Mahmoud Darwish: ‘Till my End and Till Its End’
Each Mahmoud Darwish Day (March 13), share new work by or about Darwish (March 13, 1941 – August 9, 2008), one of the great poets of the twentieth century.
Till My End and Till Its End
By Mahmoud Darwish
Translated by Marilyn Hacker
Are you tired of walking
My son, are you tired?
— Yes, Papa
Your night stretches out on the road
And my heart spills on the earth of your night.
— You’ve always been agile as a cat!
Climb on my shoulders
And we’ll take a shortcut through
The last forest of terebinth and oak
Galilee is to the north of us
And Lebanon behind us
And all the sky is ours from Damascus
To the beautiful walls of Acre
— And after that?
— We’ll go home
Do you know the way, my son?
Yes, Papa
East of the carob tree on the main road
There is a little path hemmed in by cactuses
At first, then it goes to the well
Getting wider and wider, then it leads
To the grapevines of Uncle Jamil
Who sells tobacco and sweets,
Then it loses itself on the threshing floor before
It picks itself up, comes in and sits down in our house
Like a parakeet.
— Do you know our home, my son?
I know it as well as I know the path
Jasmin grows around the iron gate
There are footprints of light on the stone steps
Behind the house a sunflower stares into the distance
And domestic bees prepare Grandfather’s breakfast
On a wicker platter.
In the courtyard, there is a well, a willow and a horse
And one of these tomorrows our pages will be leafed through behind the wall…
Papa, are you tired?
I see drops of sweat in your eyes.
— Yes, my son, I’m tired… Will you carry me?
— Just the way you carried me, Papa
And I’ll carry that tenderness
Until
My beginning and its beginning
And I’ll follow this road until
My end…. And until its end
Mahmoud Darwish was one of the great poets of the twentieth century.

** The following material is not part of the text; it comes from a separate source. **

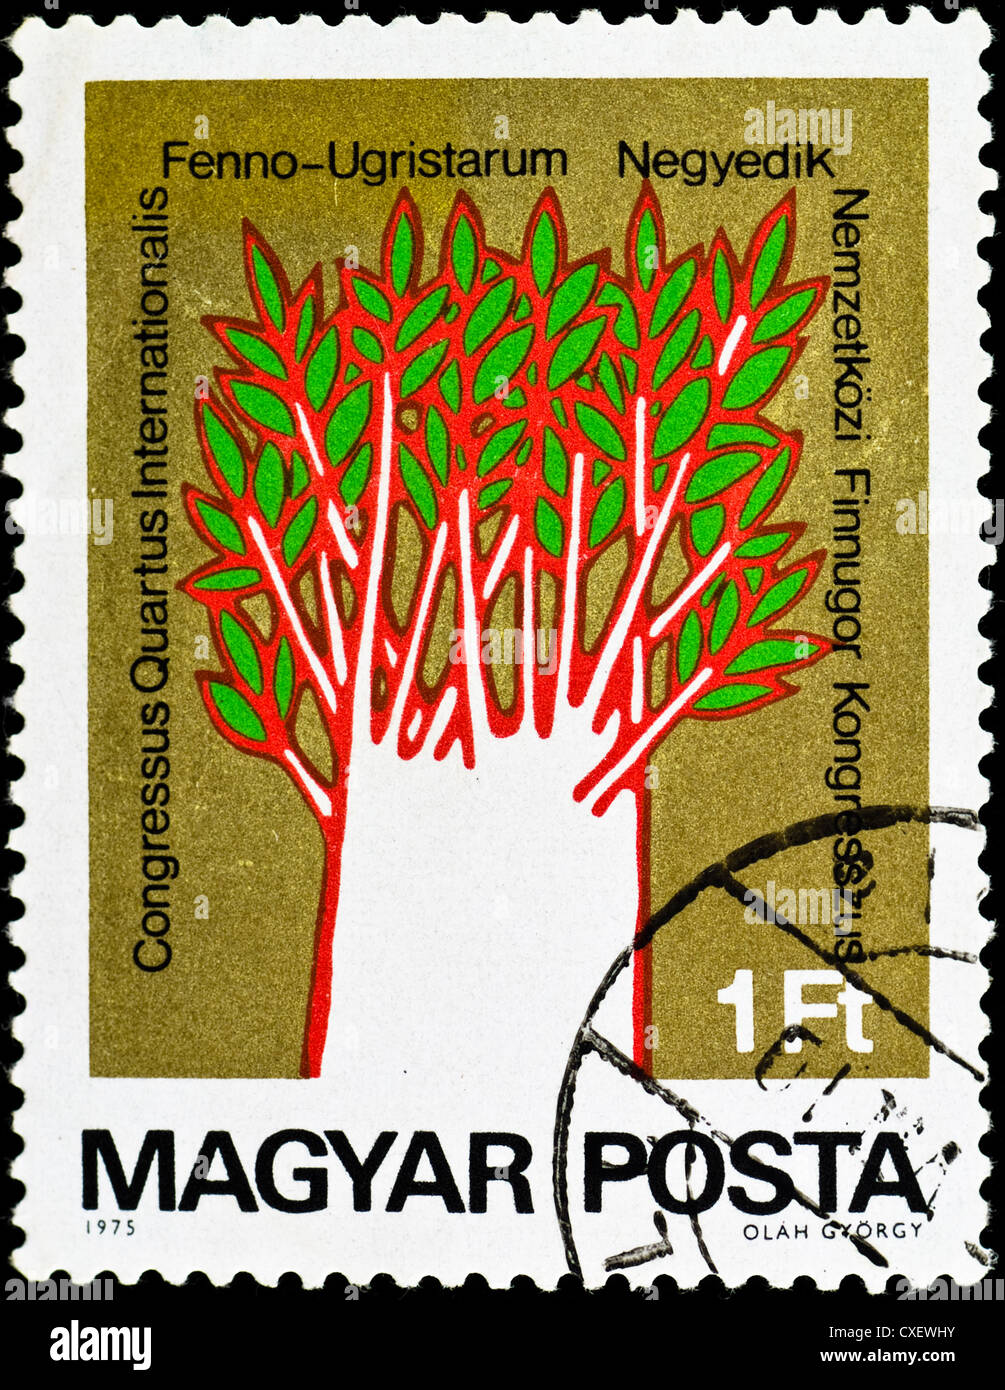 postage stamp show unusual painting tree Stock Photo
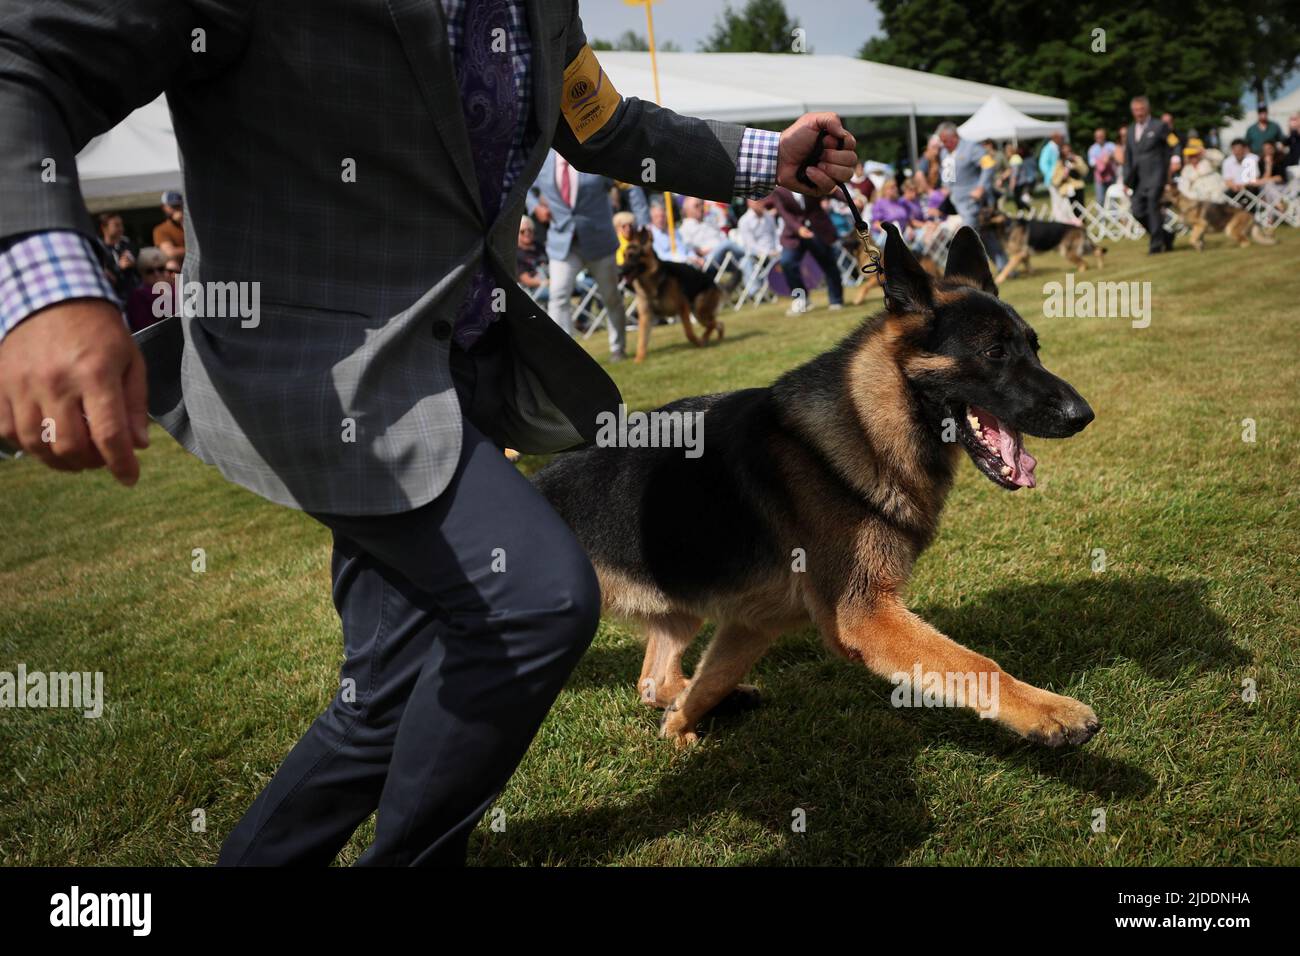 Handler Lenny Brown runs with River, a German Shepherd dog who won 'Best in Breed' during judging at the 146th Westminster Kennel Club Dog Show at the Lyndhurst Estate in Tarrytown, New York, U.S., June 20, 2022. REUTERS/Mike Segar Stock Photo

Marilyn Hacker is the author of eighteen books of poems, most recently “Calligraphies” (Norton,2023) , two collaborative books, and twenty-two translations of French and francophone poets including Vénus Khoury-Ghata and Samira Negrouche . She has also translated work by Fadwa Suleiman, Golan Haji, and others from Arabic. “Water to Water,” a collaboration with Deema Shehabi, was published in December by Interlink Press.


Mahmoud Darwish: ‘Till my End and Till Its End’ – ARABLIT & ARABLIT QUARTERLY | Ned Hamson's Second Line View of the News
March 13, 2026 @ 12:37 pm
[…] Source: Mahmoud Darwish: ‘Till my End and Till Its End’ – ARABLIT & ARABLIT QUARTERLY […]
March 13, 2026 @ 8:27 pm
Thanks to Marilyn Hacker for this fluid translation, and more thanks to ArabLit for facilitating it. Mahmoud Darwish will stay critical and relevant for ages due to his talents and the endless suffering of the Palestinian people. That suffering now is spreading to Lebanon, Syria, Iraq, Iran, among more states, and Darwish’s writings are instrumental to its understanding.